Ils ont des mentors ?

Oui. J’ai un ami qui en venant me voir un jour s’est fait agressé sur sa moto. Il a reçu une pierre en plein visage lui faisant perdre même quelques dents mais il a pu garder en mémoire l’image de son agresseur. Quelques jours après ce dernier a été arrêté et conduit à la gendarmerie où l’un de ses mentors a tenté de négocier un arrangement avec mon ami afin qu’il retire sa plainte, chose qu’il a refusé. L’agresseur a été condamné à 5 ans de prison et déféré à la MACA mais à la faveur d’une grâce présidentielle il n’a purgé qu’un an et est de nouveau en liberté.

Pensez-vous qu’il y a un lien entre les « gnamoros » et les microbes ?

Je ne pense pas personnellement mais des personnes croient qu’il y a un lien. En tout état de cause l’un des gros problèmes à Abobo est le syndicalisme, parce qu’en général les microbes sont leurs protégés. Et deuxièmement, les fumoirs. Il y a trop de fumoirs à Abobo et les jeunes en vendent et peuvent en consommer dans ces endroits. Un autre fait marquant nous montre que lorsque les corps habillés détruisent un fumoir le matin, le soir de la même journée le fumoir est reconstruit et pire encore l’individu prit sur les lieux est libéré deux heures plus tard grâce au règlement de la caution par un chef.

Qu’es ce qui pourrait lier les microbes aux « gnamoros ».?

J’ai un grand frère chauffeur de gbaka qui m’a raconté que souvent des jeunes peuvent venir le voir pour être apprenti. A la descente ils peuvent gagner entre cinq et dix mille. Mais si au bout de deux jours ils n’ont pas de nouveau contrat le soir ils changent de métier et deviennent des voyous.

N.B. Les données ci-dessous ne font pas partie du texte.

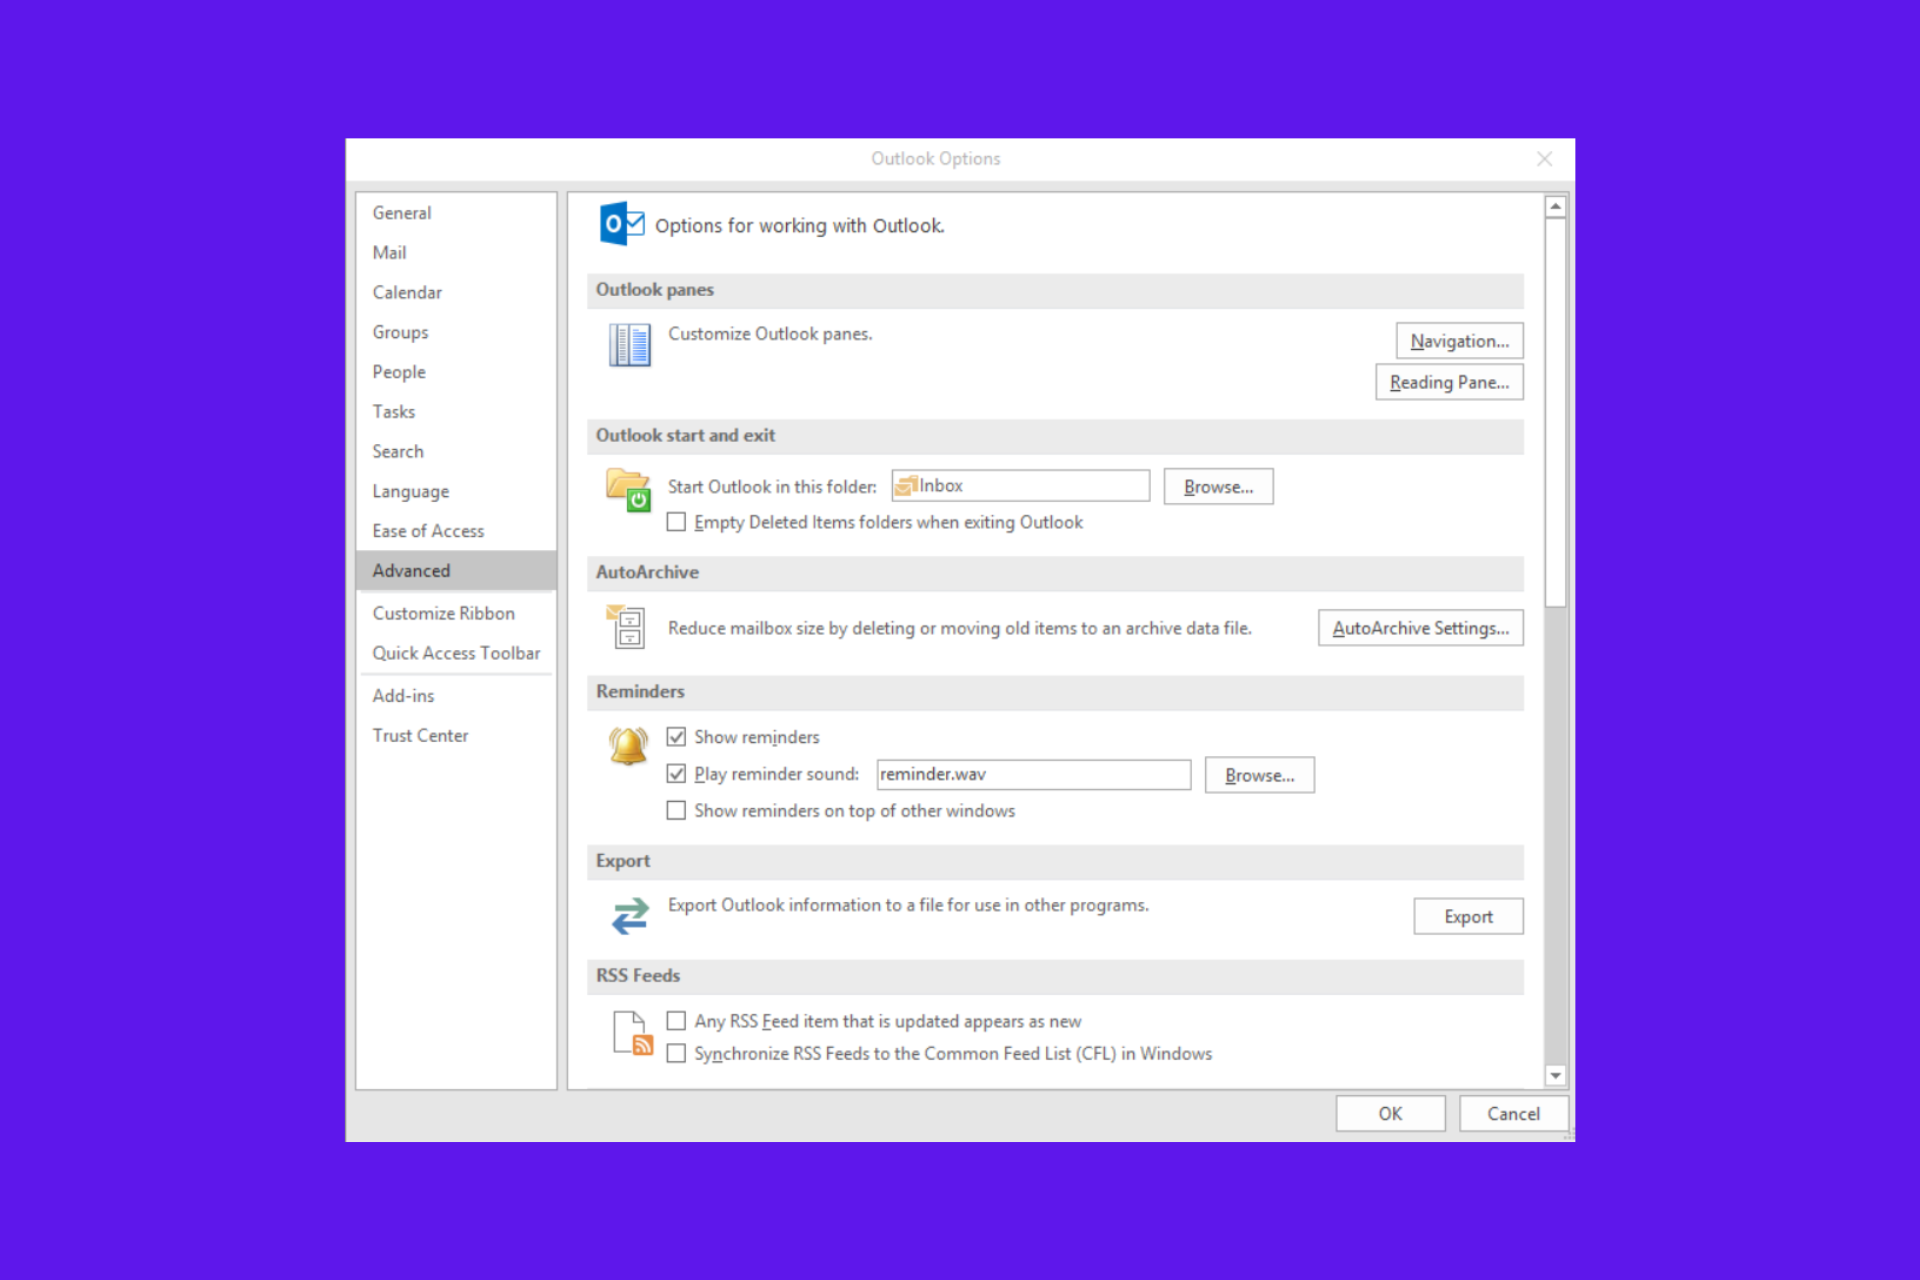 How to use Outlook AutoArchive settings
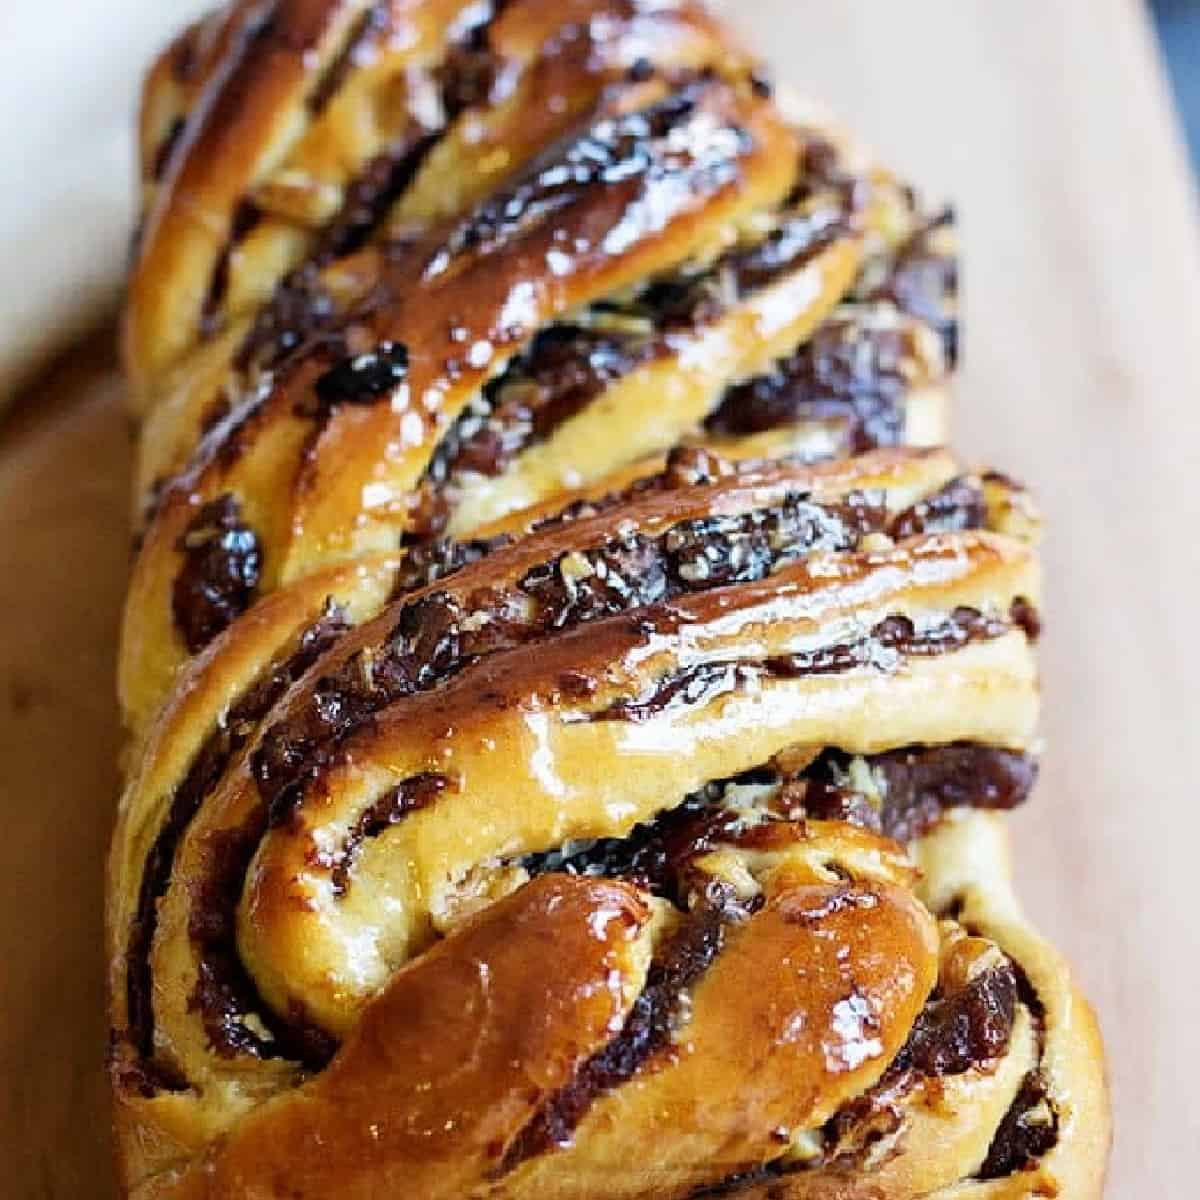 This classic babka recipe is getting a delicious twist. Soft dough filled with sweet dates and crunchy walnuts makes a this a mouth-watering treat.

Donc les chefs microbes peuvent être reconnus ?

Bien sûr. Cela arrive très souvent. Par ailleurs, si vous vous faites agresser dans un endroit d’Abobo et que vous connaissez l’un des chefs microbes des environs, vous pouvez lui faire appel. Si c’est de l’argent qu’on vous a pris, alors cet argent est perdu, mais si c’est du matériel, il est possible qu’on vous le restitue. Ils ne se cachent même pas.